Output only the lines that run from the line holding "Zapatillas para bebés Nike Revolution 6" to the end of the data below, including both ends, without any pictures.

__Data below__.
▬▬▬▬▬▬▬▬▬▬

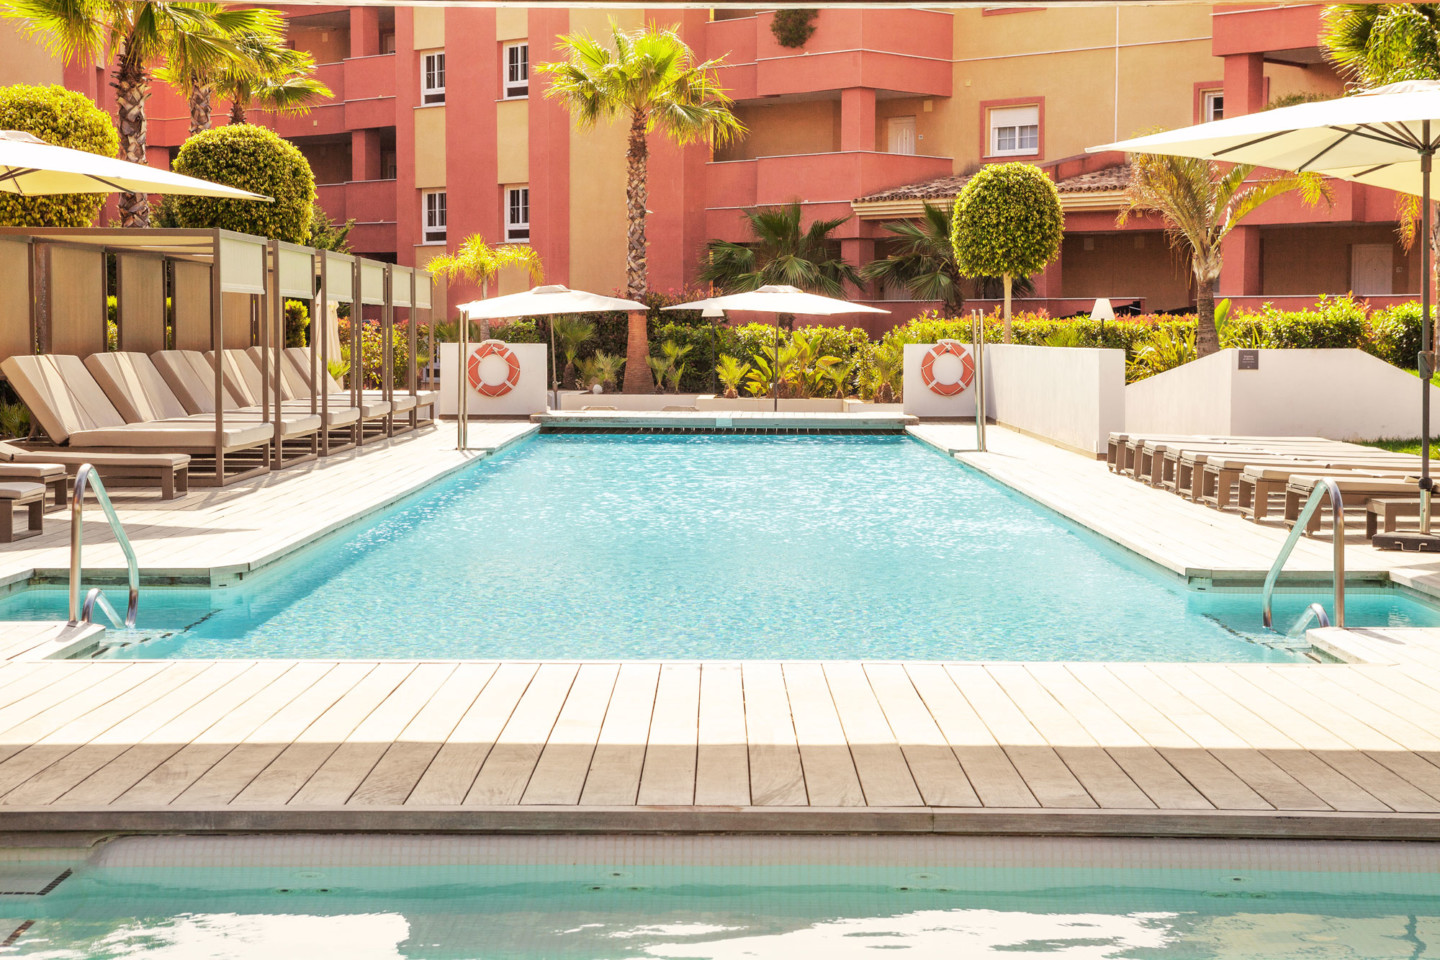 Ama Islantilla Resort 4*, Huelva | Official website
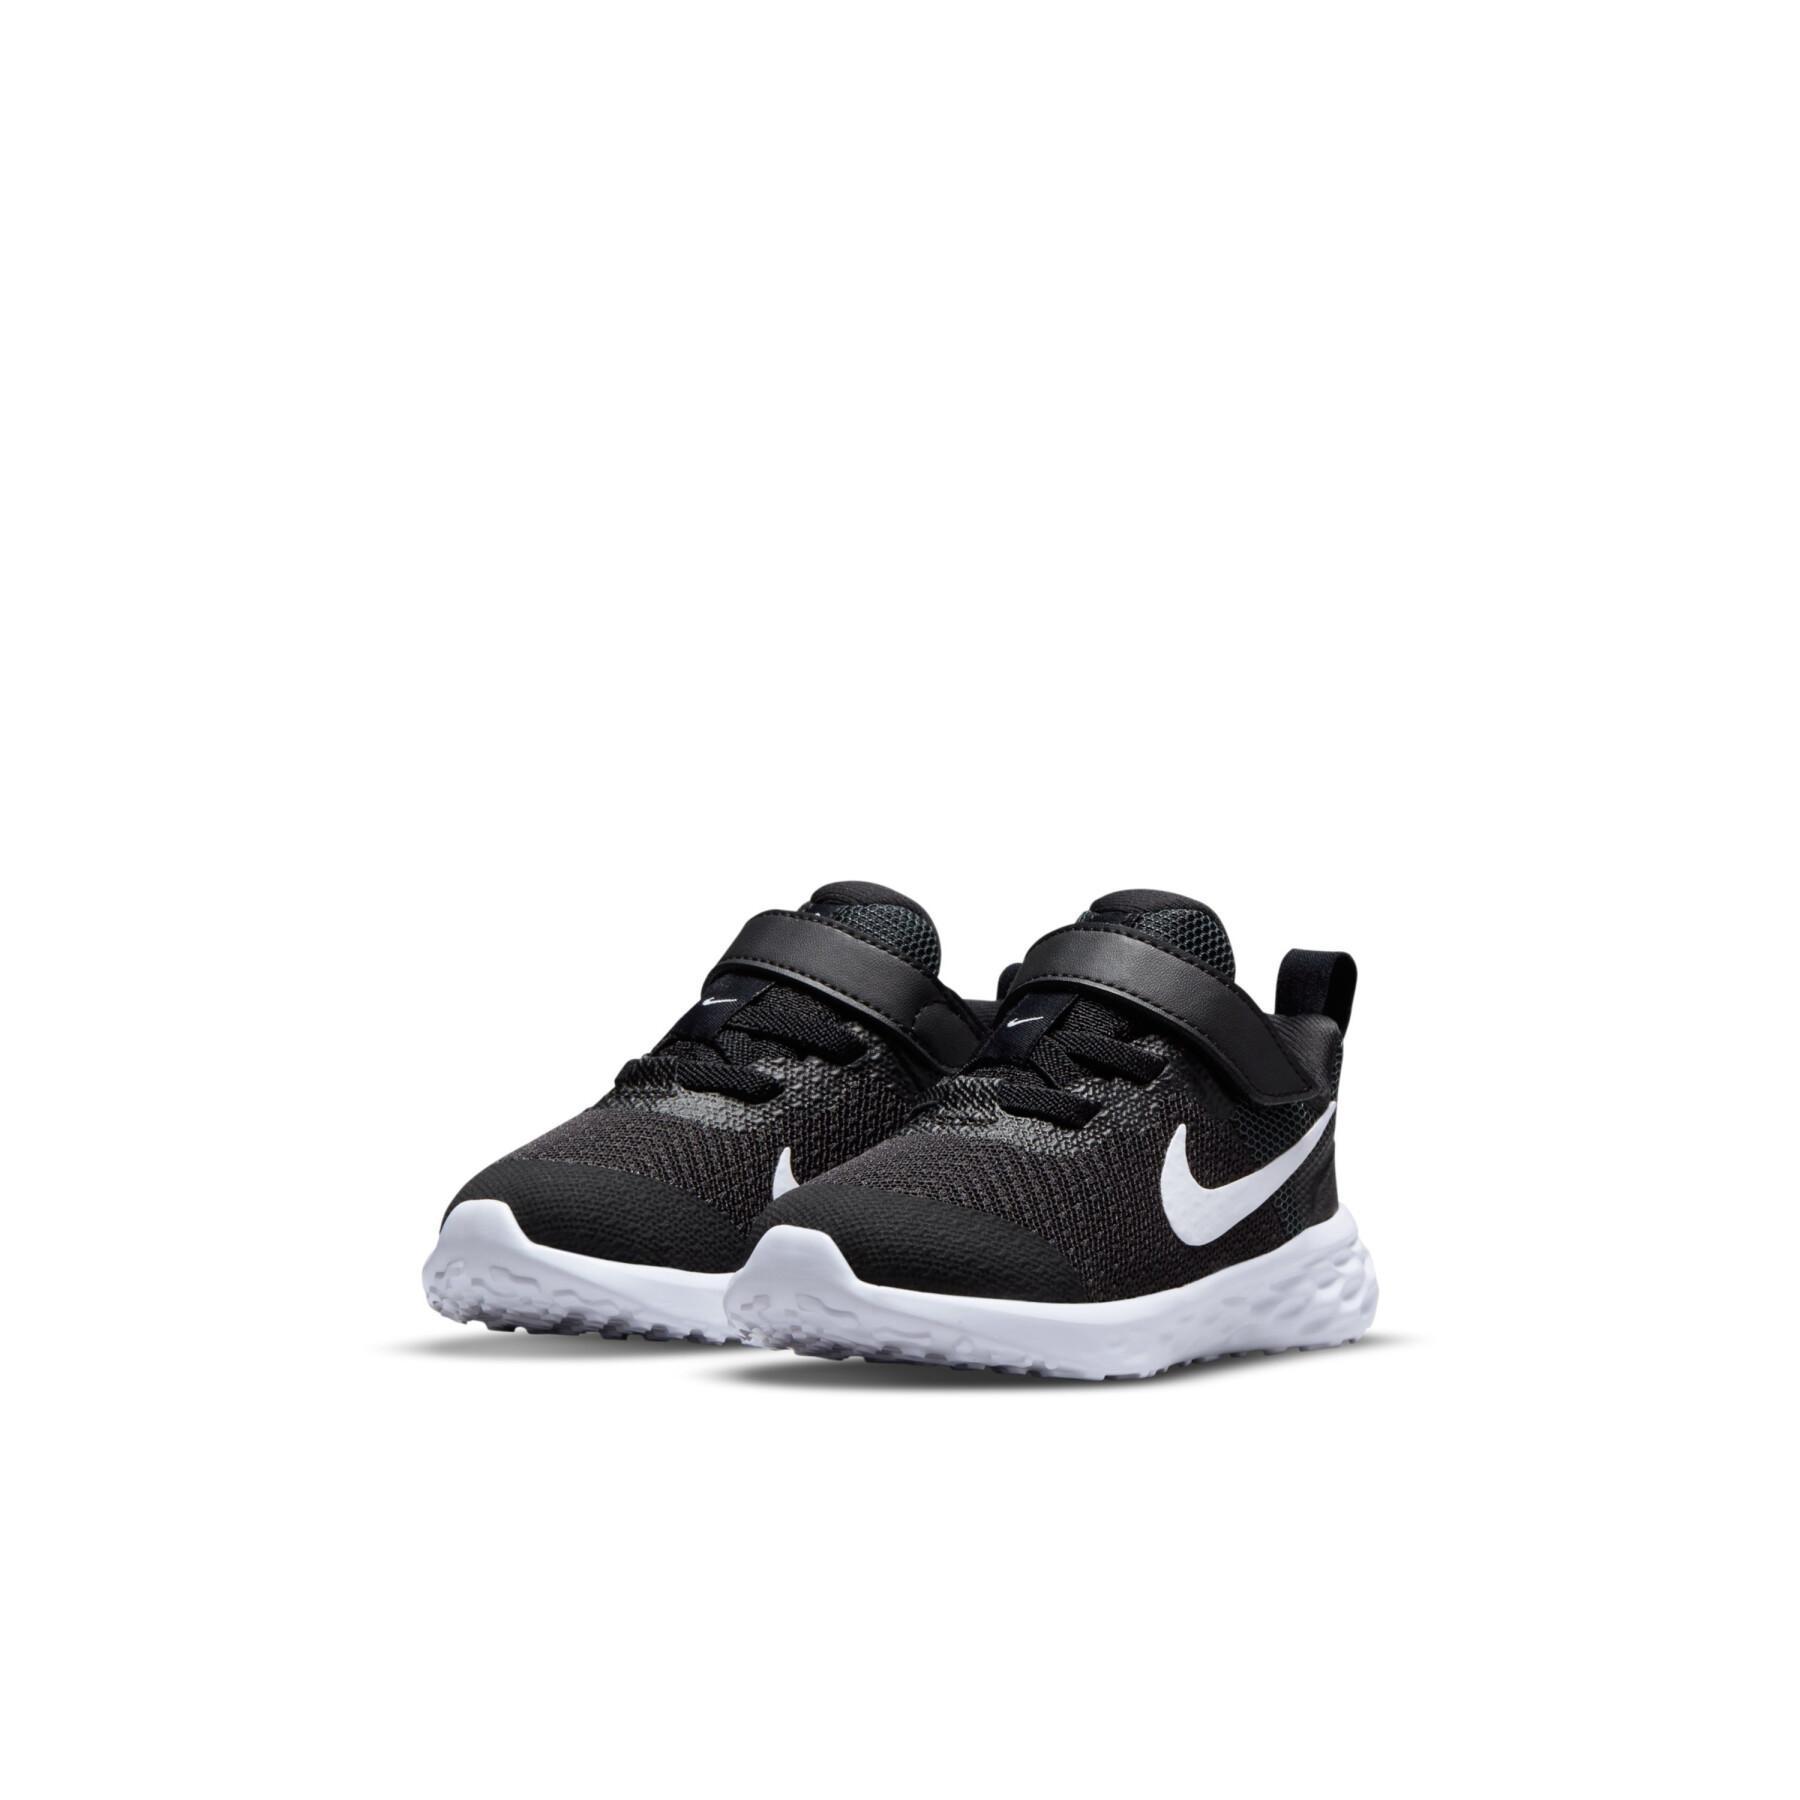 Zapatillas para bebés Nike Revolution 6
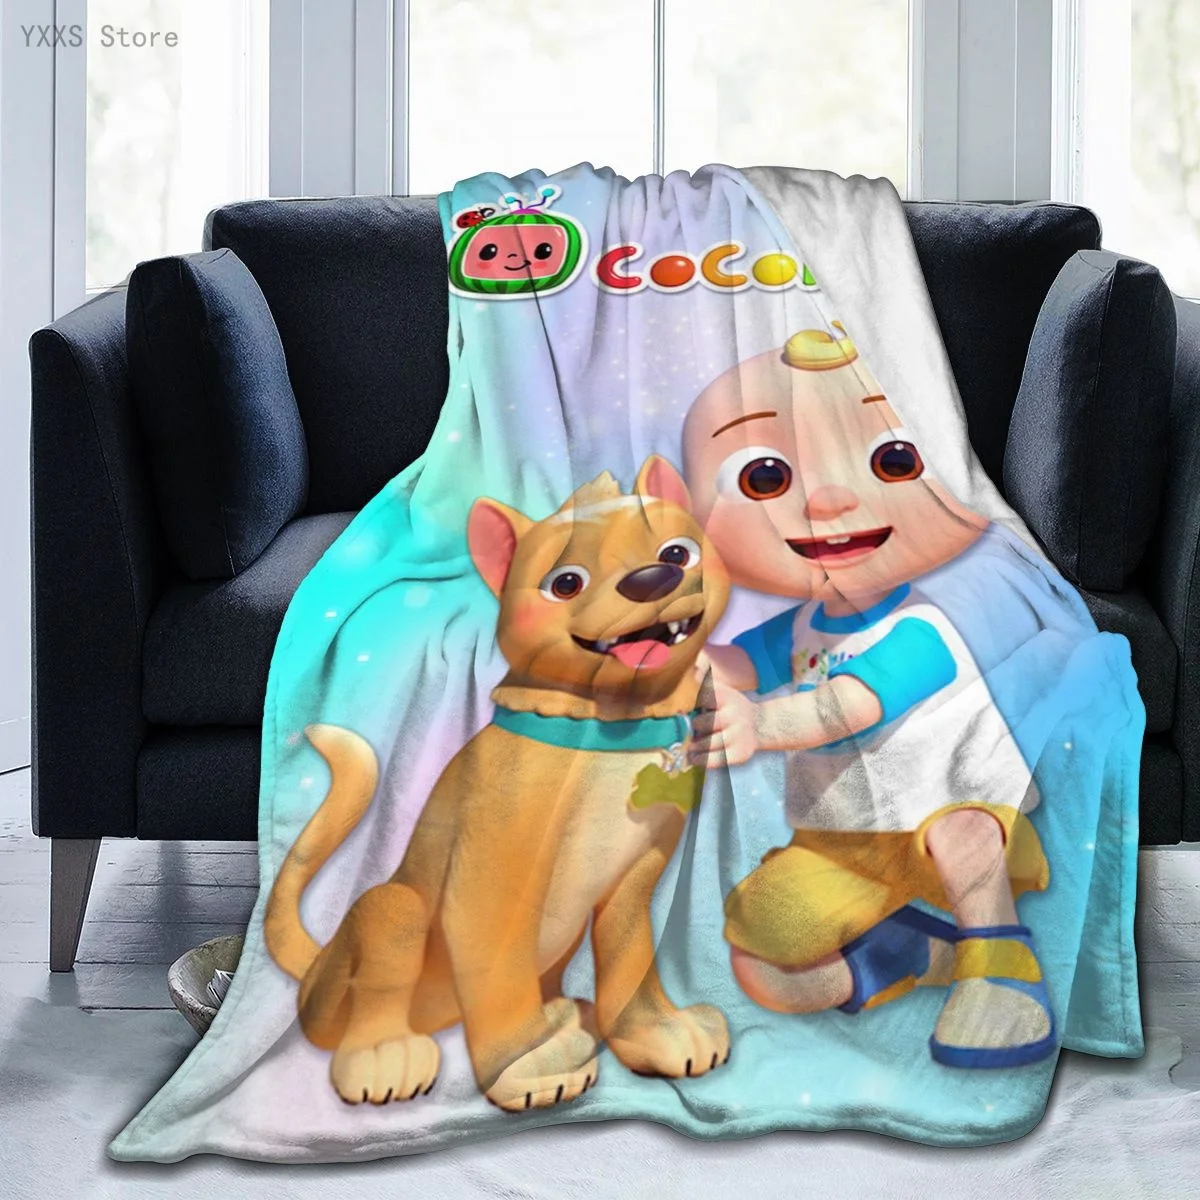 Coco, Melão Crianças Cobertor Super Macia e Quente de Pelúcia Cobertores Bonito Cão e o Bebê Impresso, Crianças Mantas para Sofá Ou na Cama
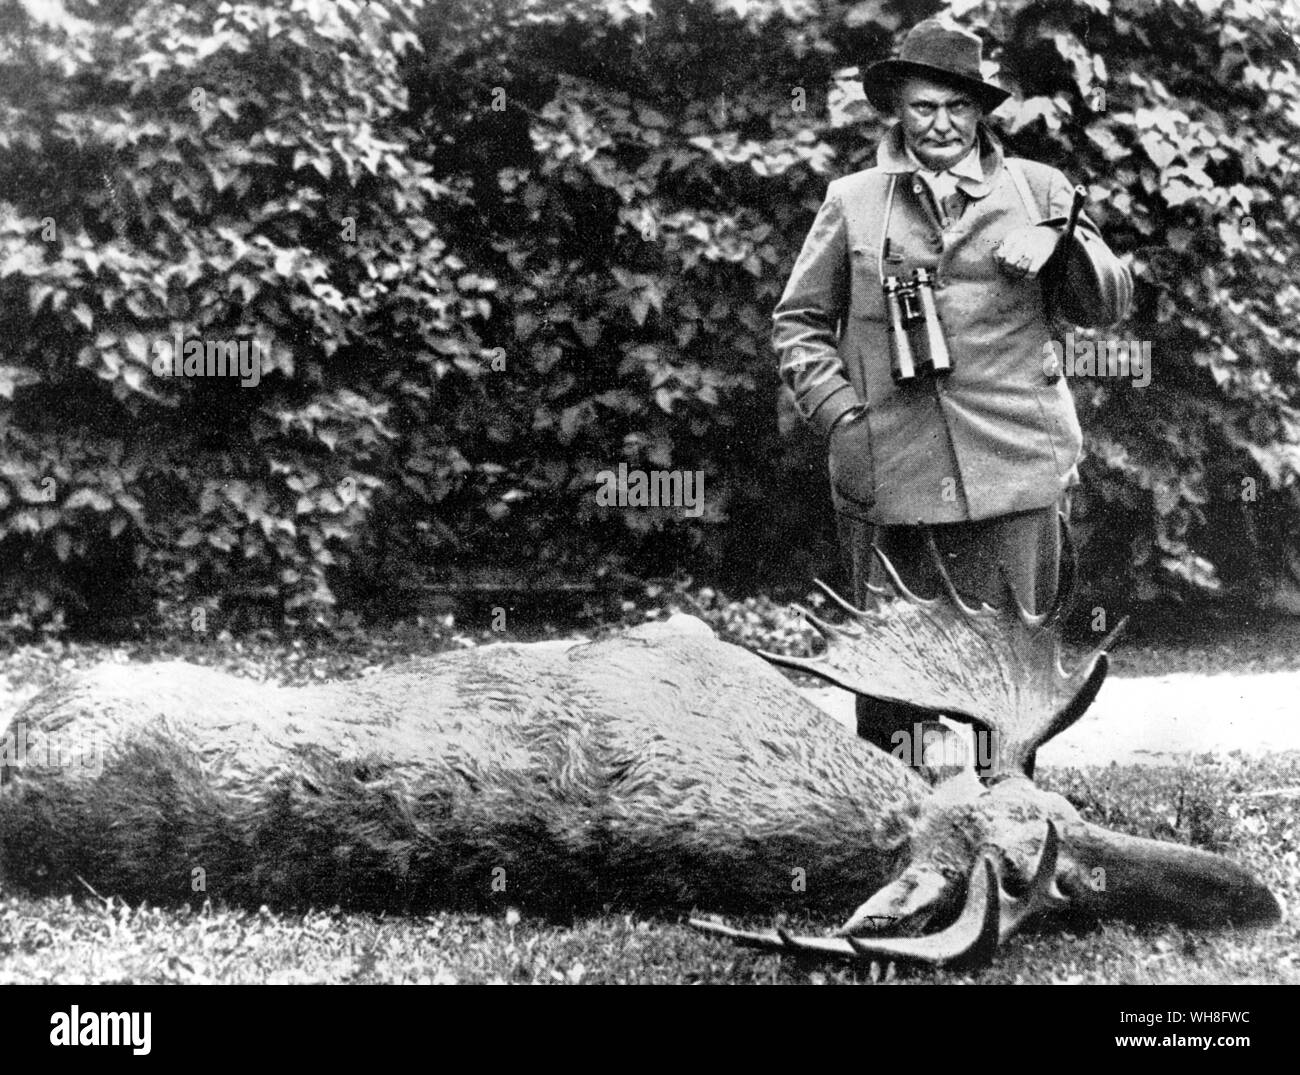 Hermann Goering comme un chasseur, à côté d'un grand cerf qu'il a chassés et tués. Hermann Wilhelm Göring (ou Goering en anglais) (1893-1946) a été l'un des premiers membres du parti nazi, commandant de la Luftwaffe, et l'un des principaux dirigeants de l'Allemagne nazie. . . . Banque D'Images

▬▬▬▬▬▬▬▬▬▬

__Solved problem__.
 Zapatillas para bebés Nike Revolution 6
 Coco, Melão Crianças Cobertor Super Macia e Quente de Pelúcia Cobertores Bonito Cão e o Bebê Impresso, Crianças Mantas para Sofá Ou na Cama
 Hermann Goering comme un chasseur, à côté d'un grand cerf qu'il a chassés et tués. Hermann Wilhelm Göring (ou Goering en anglais) (1893-1946) a été l'un des premiers membres du parti nazi, commandant de la Luftwaffe, et l'un des principaux dirigeants de l'Allemagne nazie. . . . Banque D'Images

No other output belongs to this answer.